Spain ‘arrests protesting climate scientists’ amid earliest summer heatwave in history

·3-min read
Scientists poured red dye over the front of the Congress building in Madrid in April to highlight global inaction on the climate crisis (Extinction Rebellion)
Scientists poured red dye over the front of the Congress building in Madrid in April to highlight global inaction on the climate crisis (Extinction Rebellion)

Scientists in Spain who took to the streets in April to protest lack of action on the worsening climate crisis have reportedly been summoned to Spanish police stations this week, with at least ten activists arrested.

During the protests, which were part of a broader demonstration by thousands of scientists around the world to highlight "the urgency and injustice of the climate and ecological crisis", civil disobedience actions included spraying the facade of the national congress building in Madrid with red paint.

According to an article in newspaper El Periodico, a dozen Spanish scientists were called in to speak to police to answer for their role in the civil disobedience campaign.

The article said the protesters included professors, researchers, doctors, regular members of Spain’s Higher Council for Scientific Research and members of the panel of experts on Climate Change for the UN, who took action to "denounce the criminal climate inaction of successive governments in recent decades".

According to Scientist Rebellion – a sister organisation to Extinction Rebellion – those arrested were charged with criminal damage.

A spokesperson for the organisation told The Independent: "Yesterday, more than 10 scientists and activists of Scientist Rebellion were arrested in a very irregular procedure, some of them spending several hours in police custody. They were all charged with criminal damage and "attack to the state institutions" for their non-violent action in April, that consisted in throwing dyed water to the facade of Congress. The stains were removed in half an hour."

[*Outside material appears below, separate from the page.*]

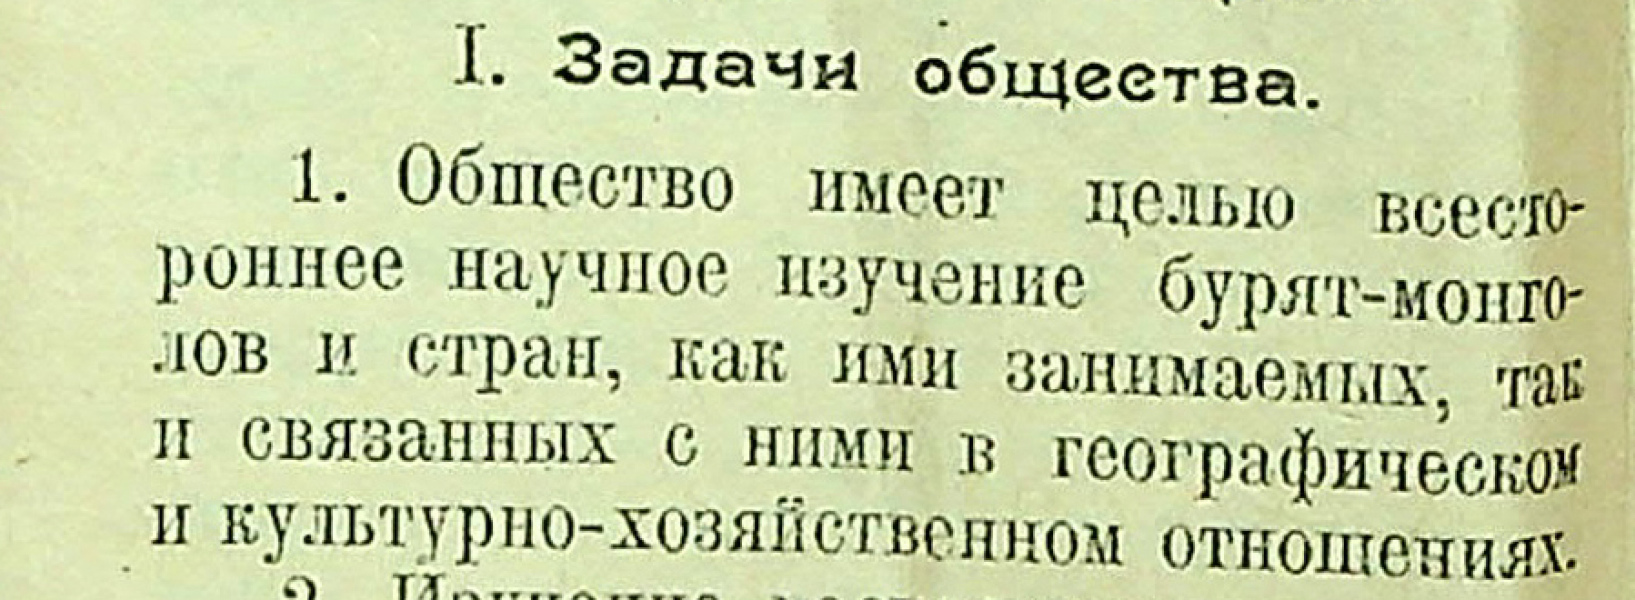 19 апреля 1924 г. 100 лет со дня организации Бурят-Монгольского научного общества им. Д. Банзарова

They added: "The second charge relates to the claim that the parliamentary session was interrupted due to the action, a fact that several Spanish politicians have already denied."

Scientist Rebellion said the police in Spain are using "authoritarian" tactics and "trying to intimidate our activists".

In a Twitter post, the group said: "Yesterday, Spanish police phoned up fellow scientists who participated in our global mobilisation in April, asking them to report to the police station this morning.

"As this was not a formal procedure, some of our activists decided not to go."

One of the arrested scientists, Mauricio Misquero, wrote on Twitter: "They have kept me in jail for seven hours, because according to them I am the organiser of the action on April 6 for carrying the megaphone and crying my eyes out."

He added: "This summer we are going to exceed 50 degrees."

Following the demonstrations back in April, Peter Kalmus, a climate scientist at Nasa’s Jet Propulsion lab who recently joined Scientist Rebellion and also got arrested during the April civil disobedience campaign, in which he chained himself to the doors of the JP Morgan Chase building, explained why scientists are taking action.

He said: "We need a billion climate activists. I encourage everyone to consider where we’re heading as a species, and to engage in civil disobedience and other actions.

The time is now. We’ve waited far too long. Mobilise, mobilise, and mobilise. Mobilise before we lose everything."

The police action comes as Spain faces a deadly heatwave, set to worsen this week with temperatures forecast to approach 50C.